# Hill Country RV park suggestions?



## TomballAg (Nov 7, 2006)

I have a short weekend with no kids and the wife and I are looking for a good post to visit. Need full RV hook ups with 50amp. Any suggestions for this area?


----------



## H2 (Jan 11, 2005)

Lots of nice one around Boerne/ Fredricksberg and Austin.

This one near Austin is great.

http://www.lahaciendarvpark.com/


----------



## JamesAggie (Jun 28, 2012)

Kerrville Schreiner Park. One of my favorites. Inexpensive and beautiful. Lots to do in the area. 

Sent from my SAMSUNG-SM-G891A using Tapatalk


----------



## Hunter11 (Jun 26, 2008)

One of our favorite Hill County parks is Buckhorn Lake Resort just outside Kerrville. Might be booked up this time of year but well worth a shot.

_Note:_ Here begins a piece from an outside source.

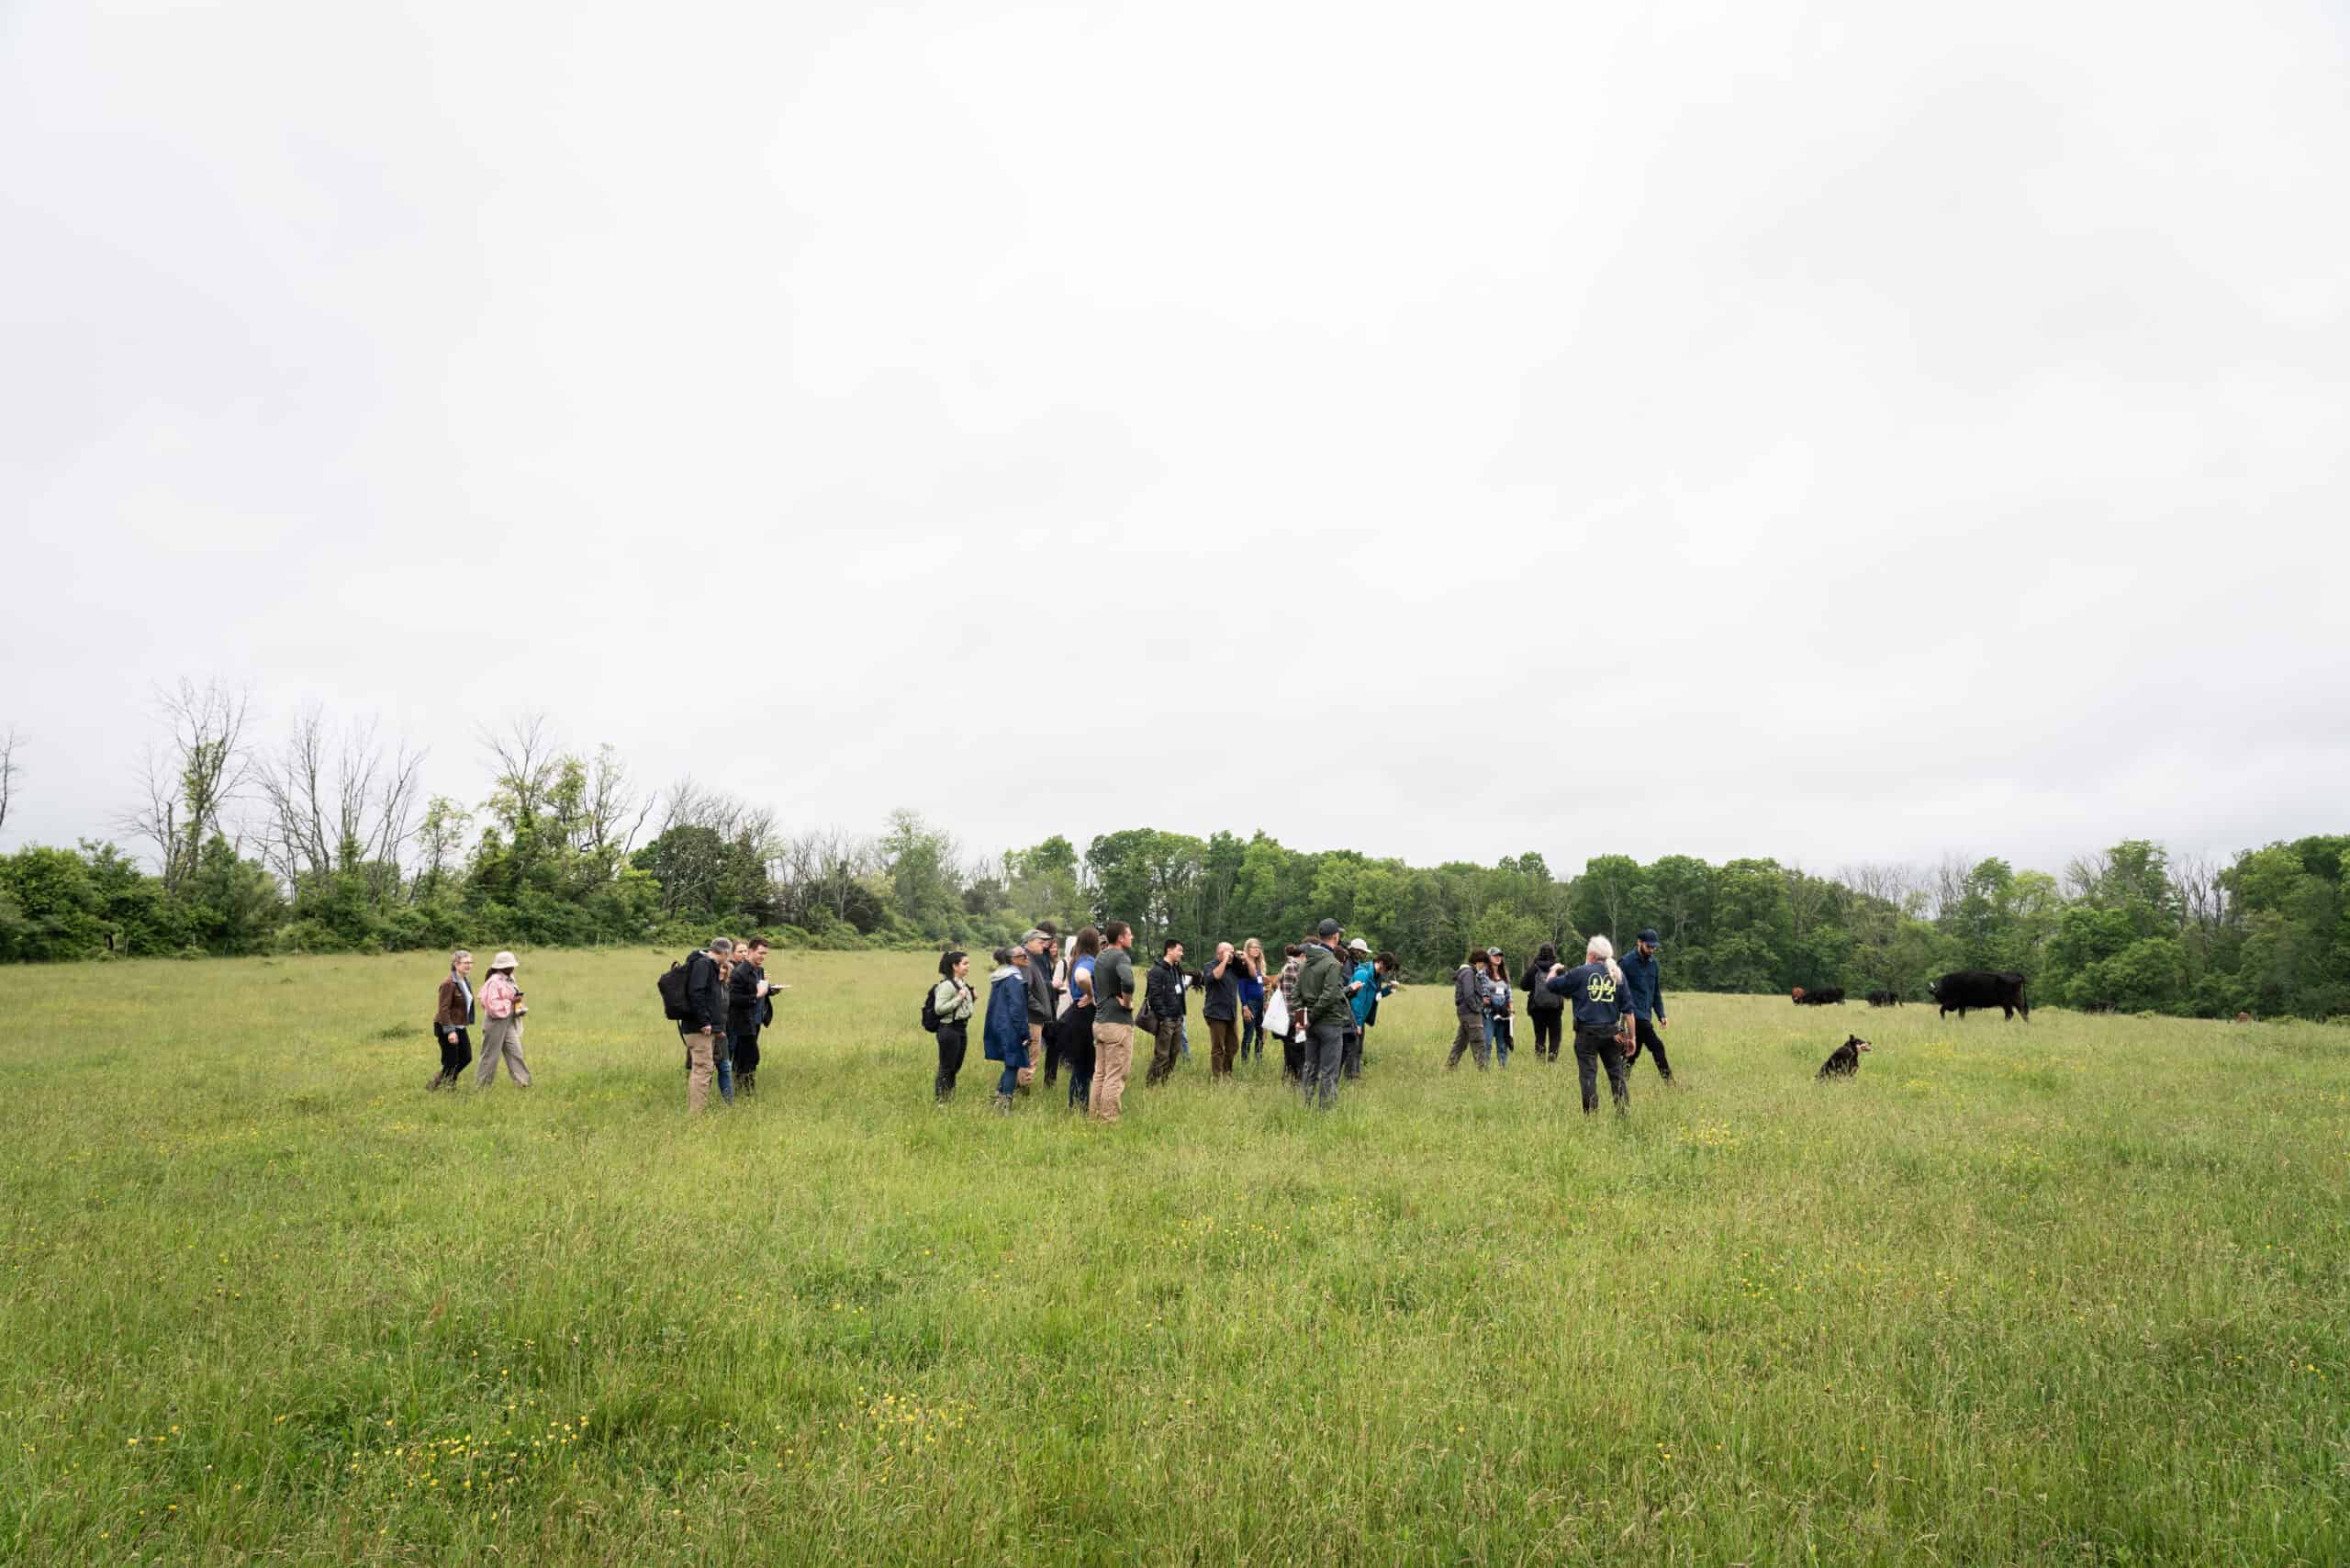 A large group of approximately 30 people walk through a field of grass.

http://www.buckhornlake.com/


----------



## Ragecajun (Oct 31, 2011)

*Oakwood rv*

OAKWOOD RV in Fredericksburg came highly recommended and we have been very happy with them for the last few years. their bathrooms are cleaned a few times a day and have great water pressure.

Kids love their fire pits at the upgraded pull through sites and full hookups.

Check out the airport diner about a mile away and watch the planes land/takeoff while you eat in the 50's style airplane themed diner.


----------